Byron Beynon
Byron Beynon lives in Wales. His work has appeared in several publications including Radical Wales, Planet, The Warwick Review, The London Magazine, Poetry Wales and The Chicago Review. Collections include Cuffs (Rack Press), Human Shores (Lapwing Publications, Belfast) and The Echoing Coastline (Agenda Editions). He is a Pushcart Prize nominee and former co-editor of Roundyhouse poetry magazine.
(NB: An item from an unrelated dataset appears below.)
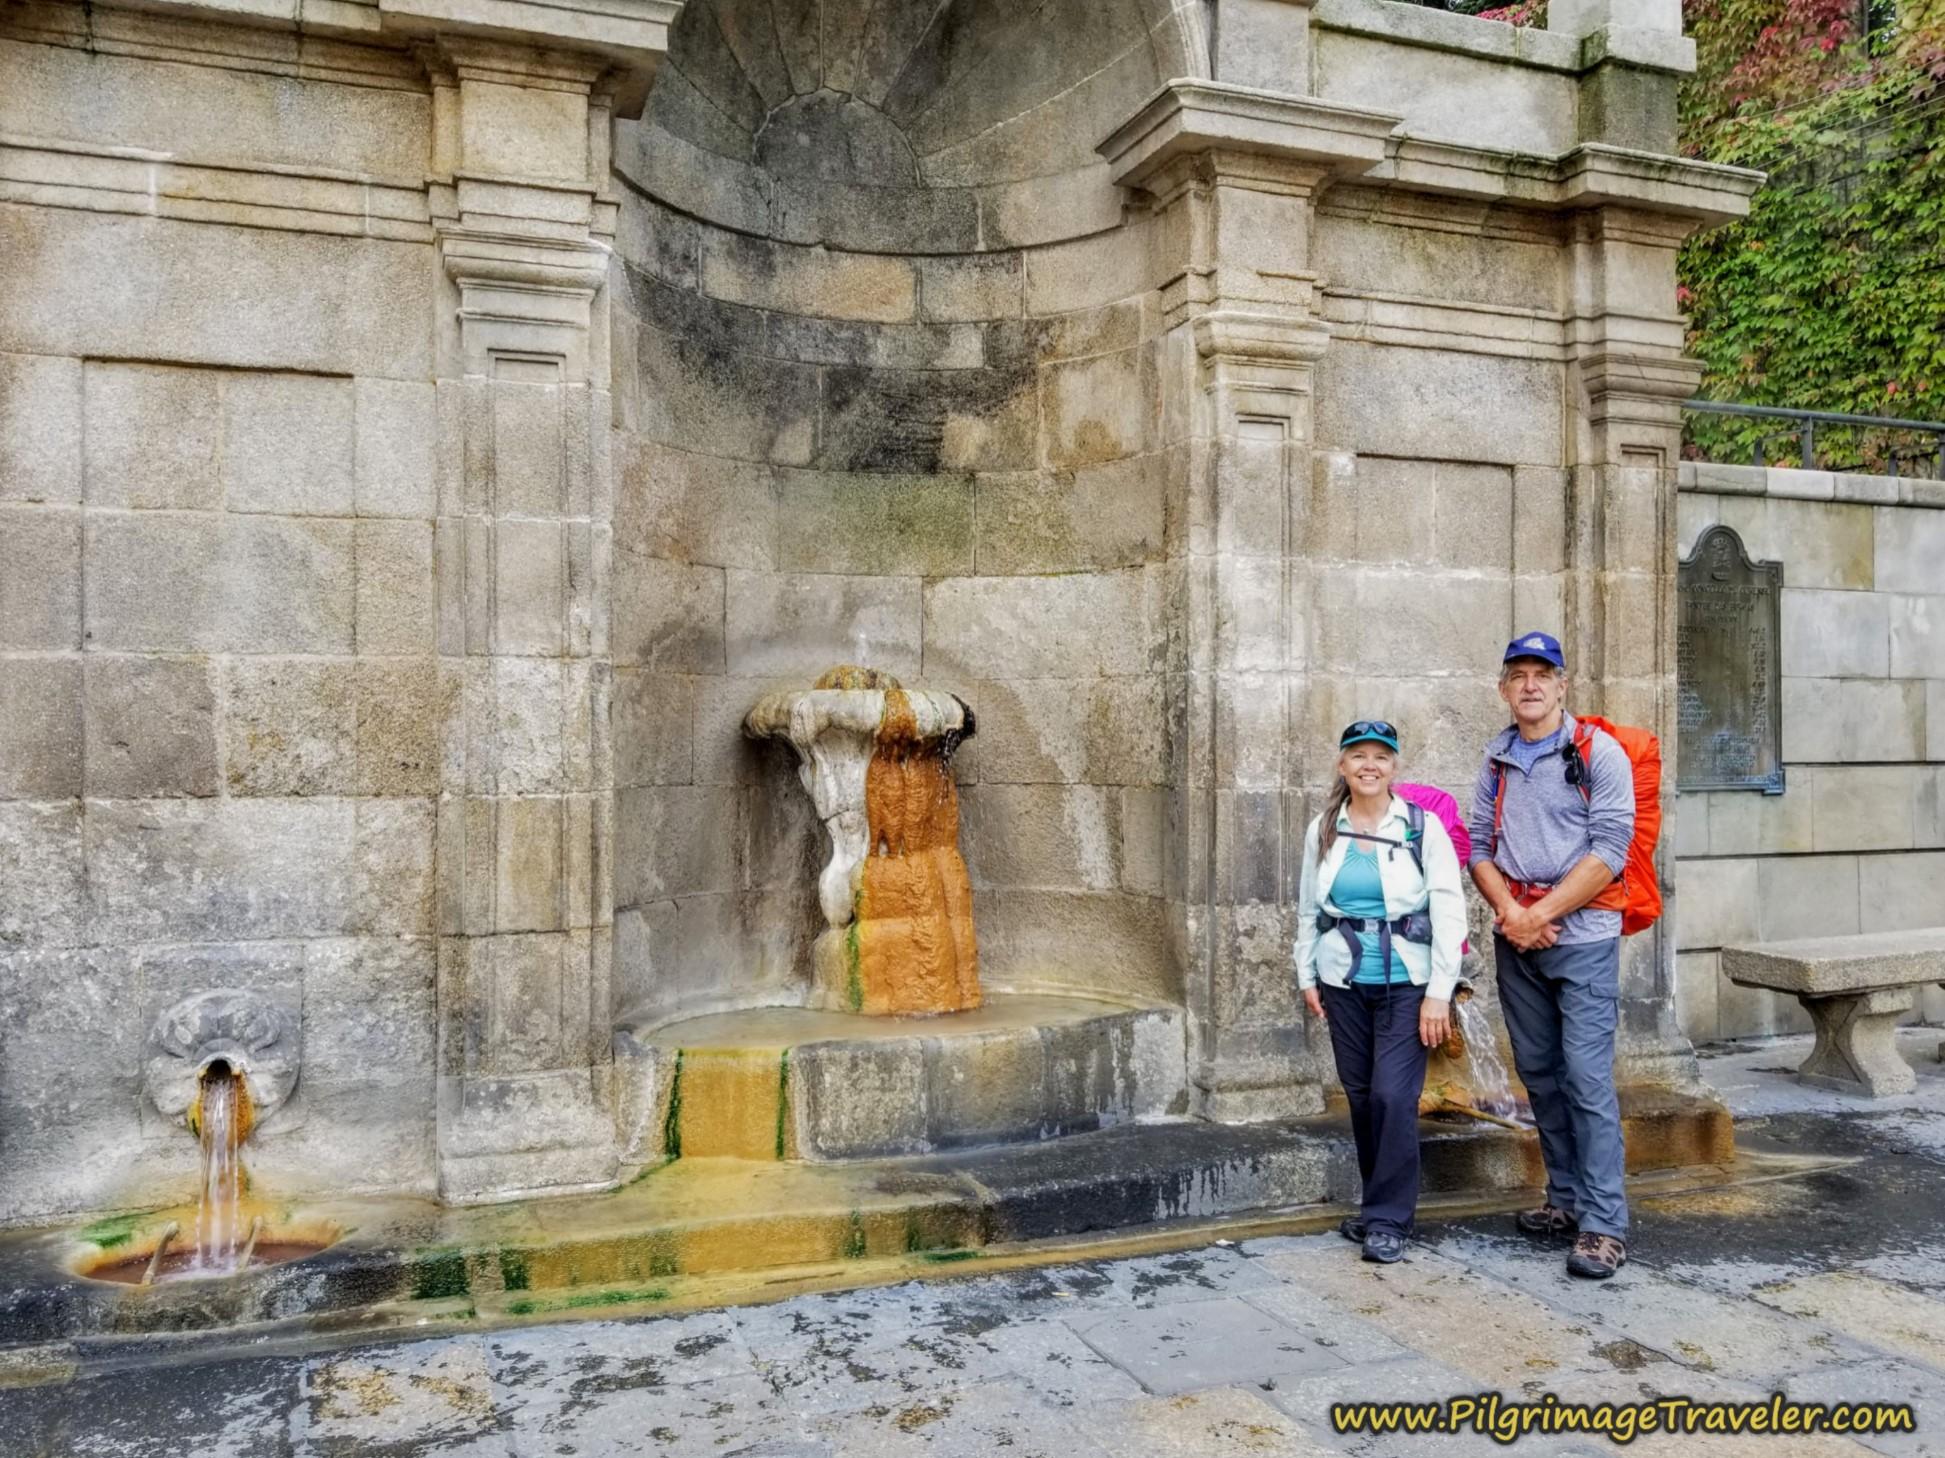 The As Burgas Fountain

thistles stretch their prickly arms afar
His Ghost on a Hill
The hardened ferns and plants
join the face of my grandfather,
a worker of black seams
in the night.
His years in a field of darkness
scowl back at me,
they rock the boat
that moves on class,
he is distanced
by the burnt decades,
opportunities he never knew
behind that primary face
which understood the order of survival,
handed across the blisters of time.
He once saw an orange moon
eaten by the clouds,
blue and grey were the scars
on that face.
He breathed the polluted air and lived
to thread the veins of his children.
His strength will not decay,
he hangs his ghost on a hill
overlooking the deep-seated sea.
I keep him alive in his silent race.
​
On Hungerford Bridge
The change-seekers
who squat under blankets,
the discarded cans and newspapers,
skateboarders who weave across
as trains vibrate
in and out of Charing Cross,
the saxophonist
facing St Paul's,
his notes airborne
in this fraction of city;
the indefatigable ant-like pedestrians
motion over a dark soup of river,
the multimillion strides
under a cloudless rhythm,
witnesses to the chaos of poverty
reaching for the fragments of eternal dreams.
The Cast
High above the kiln of orange tiled roofs
a woman sits alone
inside a public park,
resting under the cooling
influence of August leaves.
The flat canvas shoes,
a practical use
for her swollen feet,
the worn dress
that will fit for years
over the aged complexion of skin.
The two plastic bags
have balanced each hand,
weights of injustice
offending the summery air;
entering that solo life
each thought zig zagged
after the explosion
as a dying fire wept
deep inside
the cast of her secluded mind.
Portrait of A Gypsy
There are those
who'd want her
to move on.
They believe
she doesn't
fit into their
jig-saw of humanity.
Gypsy, Romany,
the rare traveller
within a different life,
but equal to all
those prejudice
minds she's met.
Her face has the strength
to say she is herself,
eyes without borders,
those determined lips
ready to taste
what life has permitted
her to receive.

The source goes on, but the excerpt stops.